When you’ve just released a guest post, you should keep an eye on how Google treats it. If your guest posts have good rankings for your target keywords, you can drive more traffic to your website: not only organic traffic coming directly from SERP, but referral traffic coming from your external articles as well.
Using Post Tracking, you can assess your article’s performance in a click and track your keyword rankings day by day.
How can this be done?
- Go to Post Tracking and set up a project for your domain.
- Next, add your article’s URL to start tracking its performance. You can add up to 50 articles (your blog posts or your competitors’ articles) to analyze them all in the same place.
- You’ll see the number of social shares, backlinks and estimated reach the article has.
- Click on Keywords and add up to 5 keywords you want to track rankings for. The tool will suggest keywords the article ranks for, identify your article’s position in search results for a keyword and show you keyword volume.
- When you’ve added keywords, click on the URL to track daily ranking changes, backlink trend and social media shares trend. Pay attention to the visibility trend — here you will see how your article’s position changes for a keyword day by day.
Next Steps
When you’ve analyzed your article’s performance and keyword rankings, here are some next steps to take:
- If your article doesn’t gain positions in the top 100 for your target keywords after a couple of weeks, this may indicate that your article is badly optimized for search engines.

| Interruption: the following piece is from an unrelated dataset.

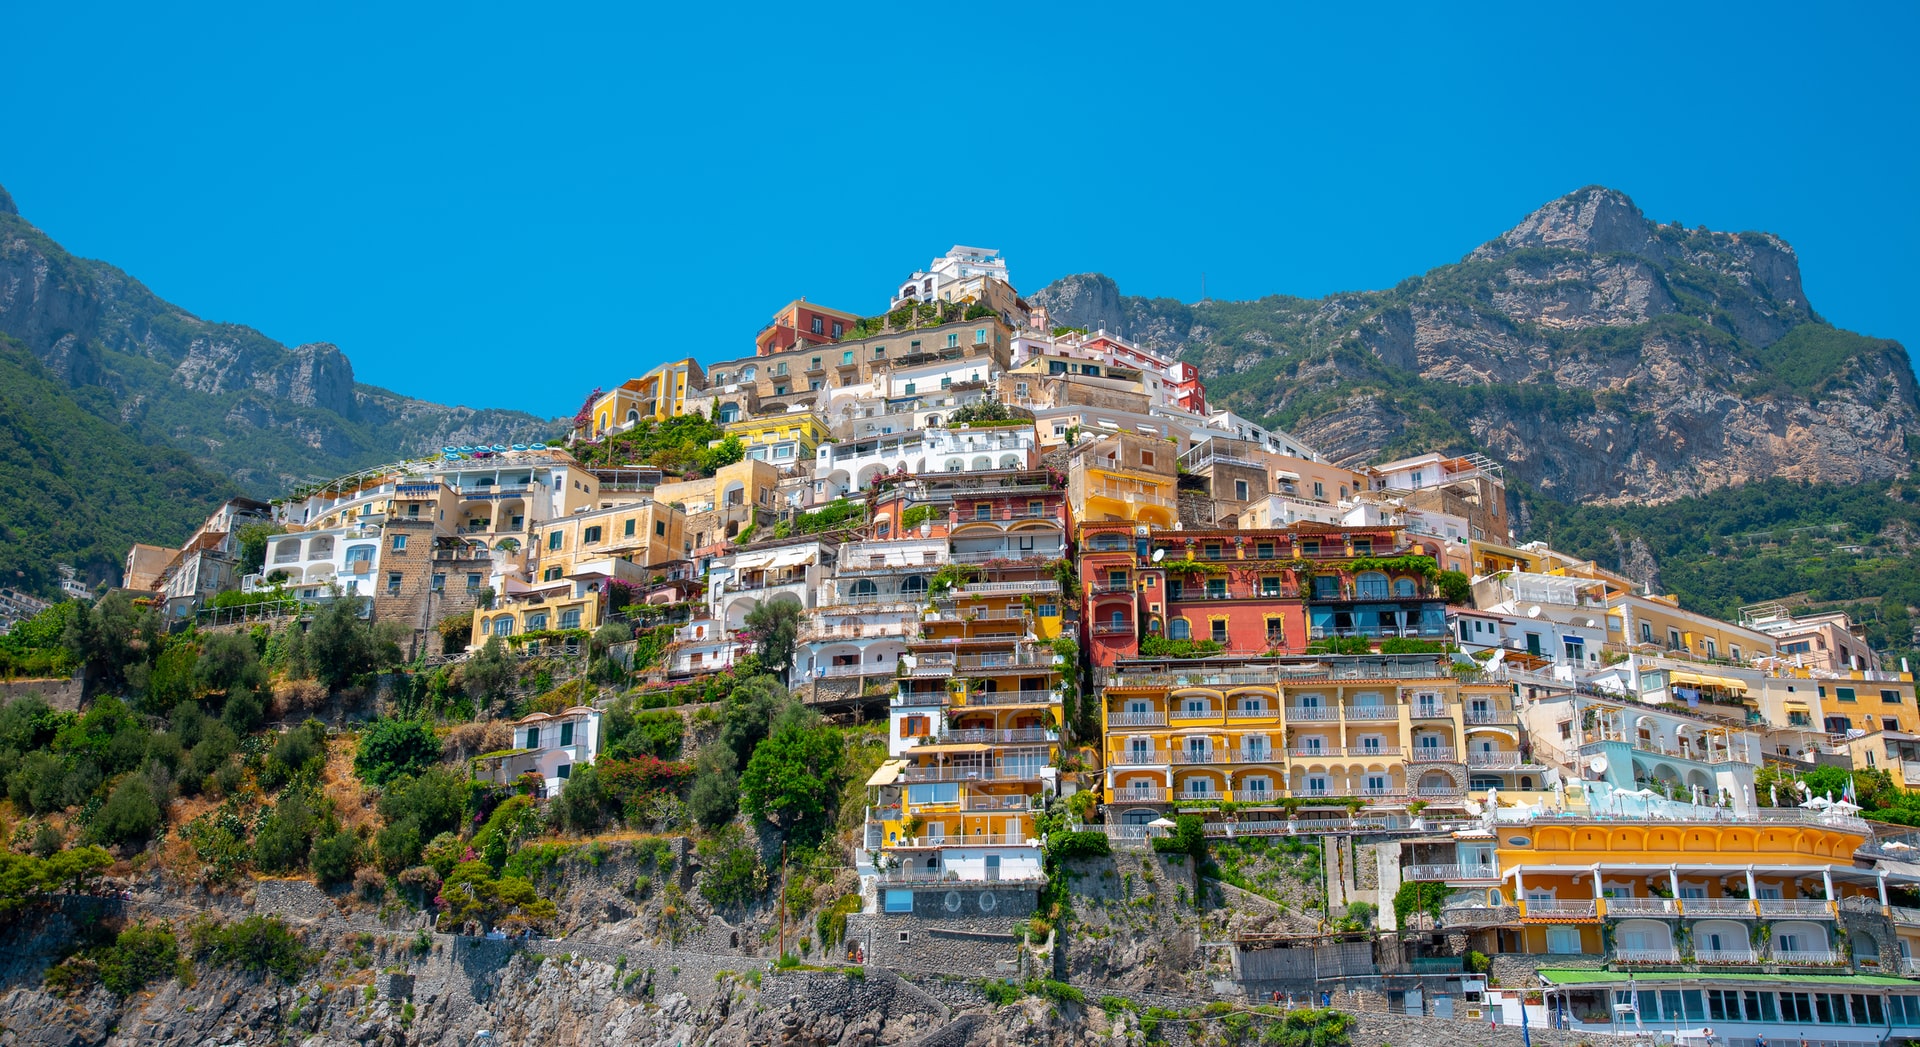 Live the "Dolce Vita" in Amalfi!

Use SEO Writing Assistant to get actionable SEO recommendations and rewrite it. Then ask the website owner to update your article.
- If your article is in the top 10, don’t delete the URL from your project. Check your positions once a week, so you can take action and update your article if it loses its position.
While not an obvious tactic, it can also be useful to gain backlinks for your guest posts. Here are several examples when link building for your external articles can represent a valuable asset:
- You don’t have your own blog and you drive traffic to your website or social media account from third-party platforms.
- Your website is new and your articles are not ranking well yet, but you have the opportunity to publish on third-party resources with high authority. You can promote your publications on these websites in order to win positions in the top 10 search results and drive referral traffic to your website or provide higher visibility for your brand.
- You want to promote articles that talk about your products (this may be user generated content or articles written by your authors and published on third-party blogs). It will be beneficial for you to improve their rankings. If you praise your own product on your blog, it doesn’t look credible, but positive reviews published on third-party resources will definitely have a good impact on your online reputation.
You can find backlink opportunities for your articles and optimize your outreach process by using Semrush tools and App Center apps:
- SEO Content Template: type a keyword and get a list of domains to acquire backlinks from for your target keyword.
- The Brand Monitoring app by Prowly: track mentions of your brand, competitors, and more across the web — unlinked mentions can be converted into backlinks.
- Link Building Tool: upload your list of domains and use the automated outreach functionalities to contact the website’s owner.